The microscope at beamline 2-ID-E uses a Fresnel zone plate as an objective lens to focus 10 keV X-rays onto the sample. A silicon-drift-type energy-dispersive detector is used to collect the emitted fluorescence photons from the sample for each raster scan point. The phase ring required for scanning Zernike microscopy was fabricated out of gold with a thickness of 3.5 μm to produce a 3π/2 phase shift at 10 keV. Given the amount of phase shift the final result represents a negative Zernike phase-contrast image; that is, structures with positive phase shift appear dark. This has been chosen to most closely represent the appearance of absorption contrast. An existing high-speed multi-segment detector¹⁷ was slightly modified to realize an annular match to the projection of the phase ring (see Supplementary Information). However, any large-area detector may be used provided that it is masked with an appropriate annular aperture. Removal of the phase ring and use of all detector segments allows direct comparison to absorption contrast.

To evaluate the basic imaging properties of the method, we first imaged a Siemens star test pattern made of 700-nm-thick gold. In Fig. 3a,b we show scanning images obtained in Zernike phase contrast and absorption contrast, respectively. These images were acquired using a Fresnel zone plate with an outermost zone width of 100nm and thus a theoretical spot size and Rayleigh resolution of 122nm assuming fully coherent illumination of the zone plate and a large-area detector (incoherent detection). For qualitative comparison, Fig. 3c,d shows Zernike phase and absorption images taken in a commercial full-field X-ray microscope at 8 keV (ref. 18) with an imaging resolution of 100nm (see the Methods section). Distinctly resolved in both Zernike images are the 100nm linewidths (second ring from the centre). In the scanning Zernike image the resolution was limited by the finite and asymmetric X-ray source size, which is larger in the horizontal direction and causes the difference between horizontal and vertical feature resolution. A 15° pretilt around the vertical axis of the specimen that is necessary for the fluorescence mode of the microscope increases this effect. Additionally, the scanned absorption image has a significant dark-field contribution, which degrades the image resolution. Note that both Zernike cases show an improved contrast (scanning: 17.3%, full-field: 9.2%) to their respective absorption images (scanning: 4.1%, full-field: 4.9%), as expected.

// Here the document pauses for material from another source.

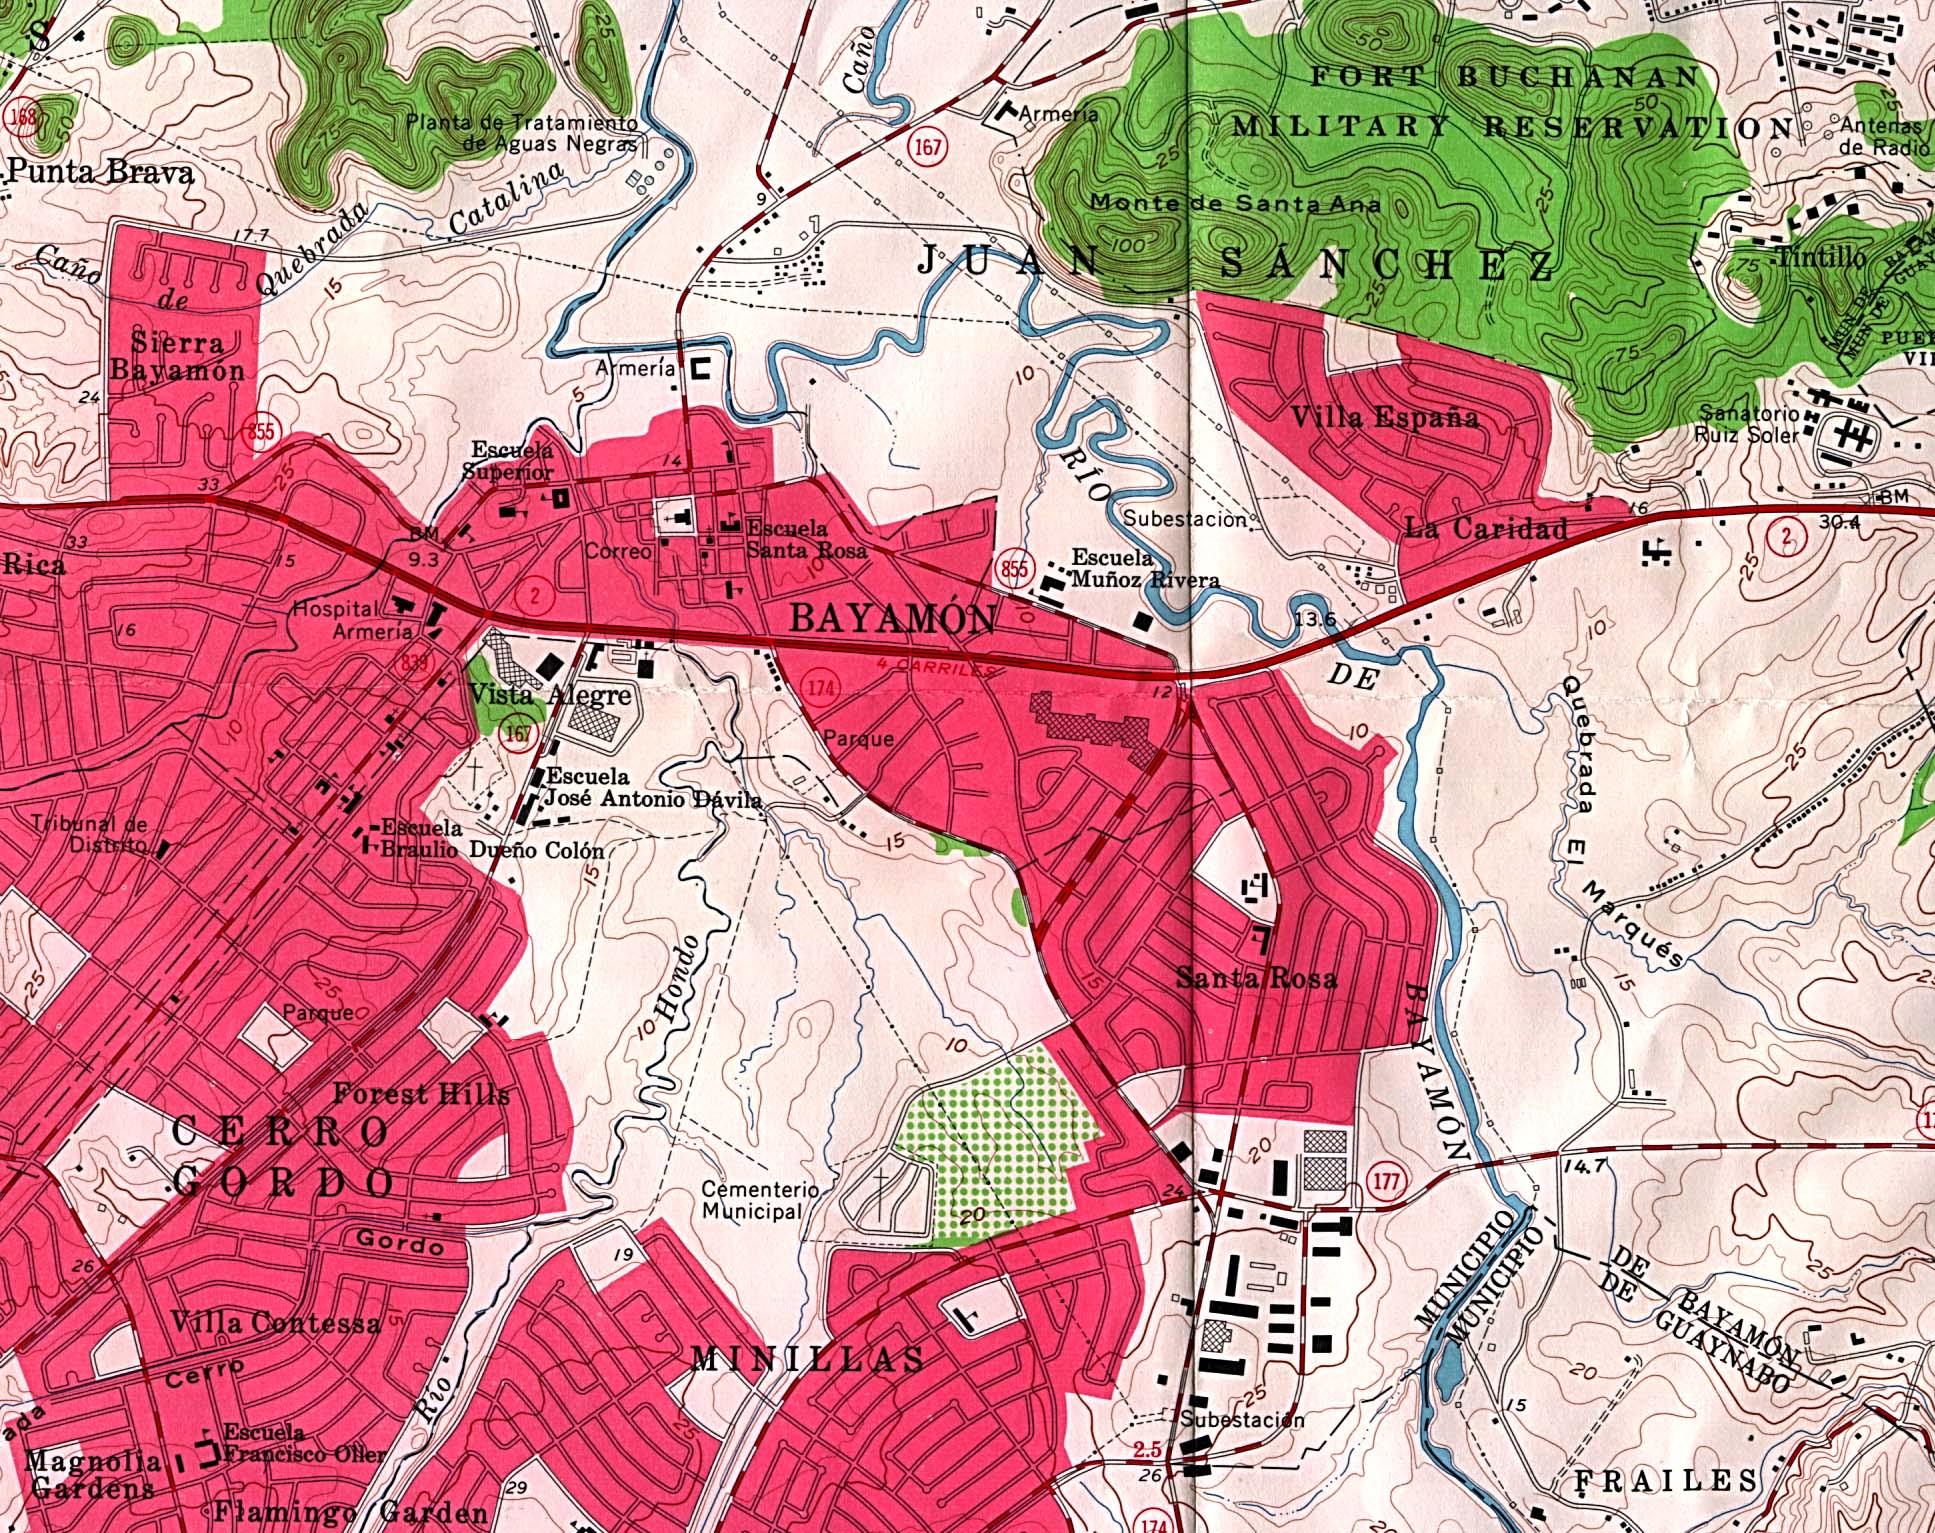 Bayamon City Map, Puerto Rico
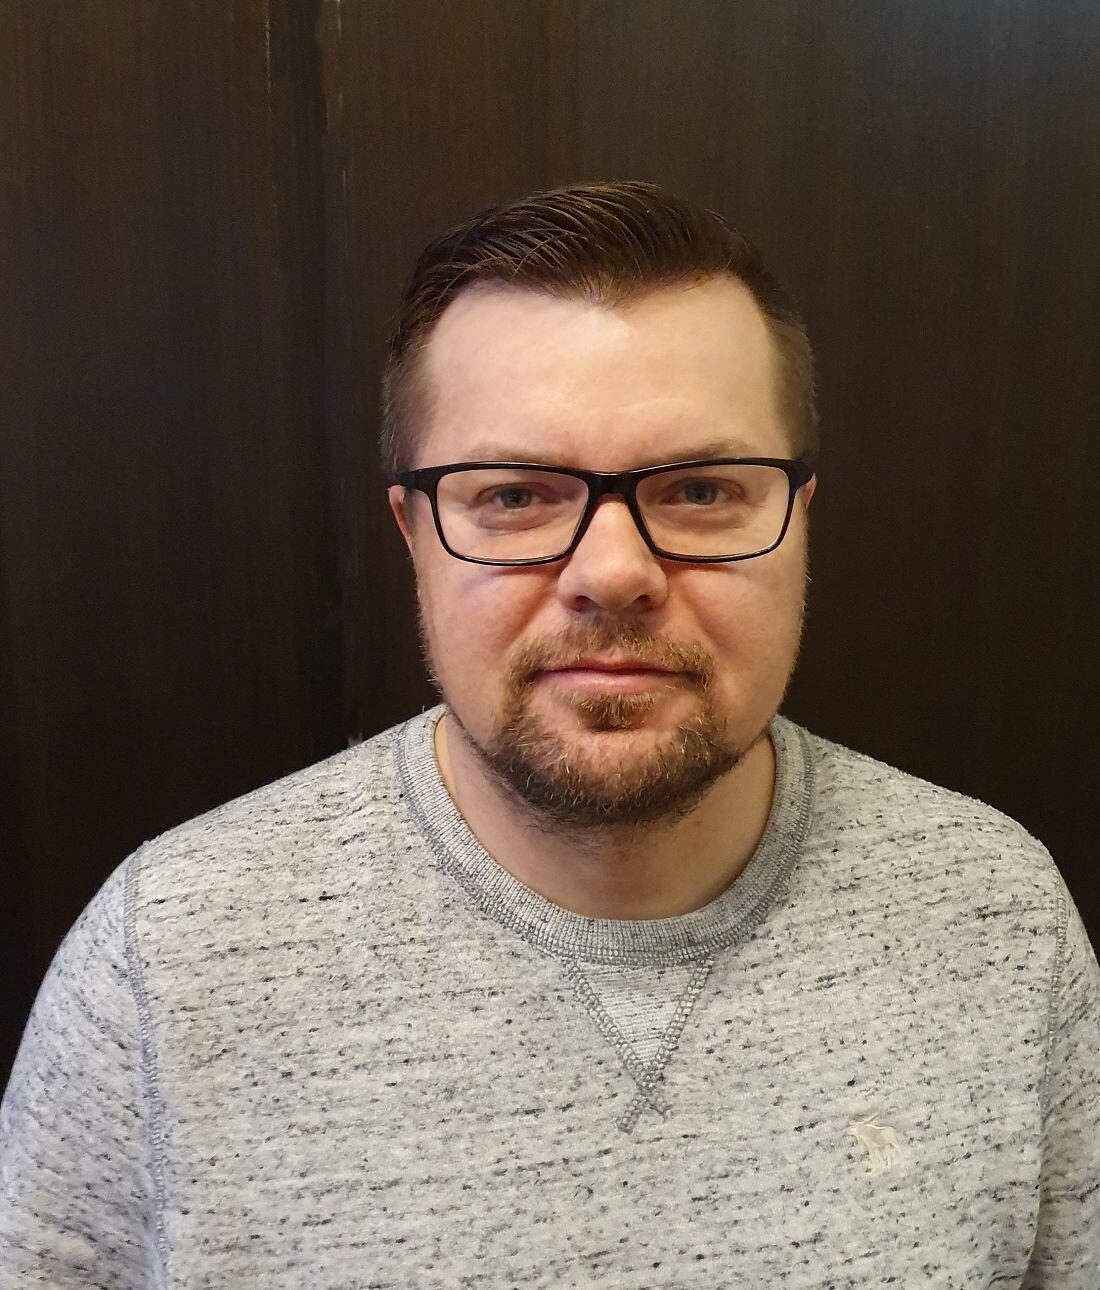 Kommunalsjef Hans Solbrekken Ruud

Images of other test structures also show the expected imaging properties and contrast enhancement of weakly absorbing structures in the Zernike imaging mode (see Supplementary Information).

Figure 3. Scanning and full-field images of a gold Siemens star test pattern in Zernike and absorption contrast.

a – d, Zernike phase contrast in scanning (a) and full-field (c) microscopy; absorption contrast for the two cases respectively (b and d). The starting linewidths of the spoke rings are indicated. The white line in each image marks where the contrast was determined.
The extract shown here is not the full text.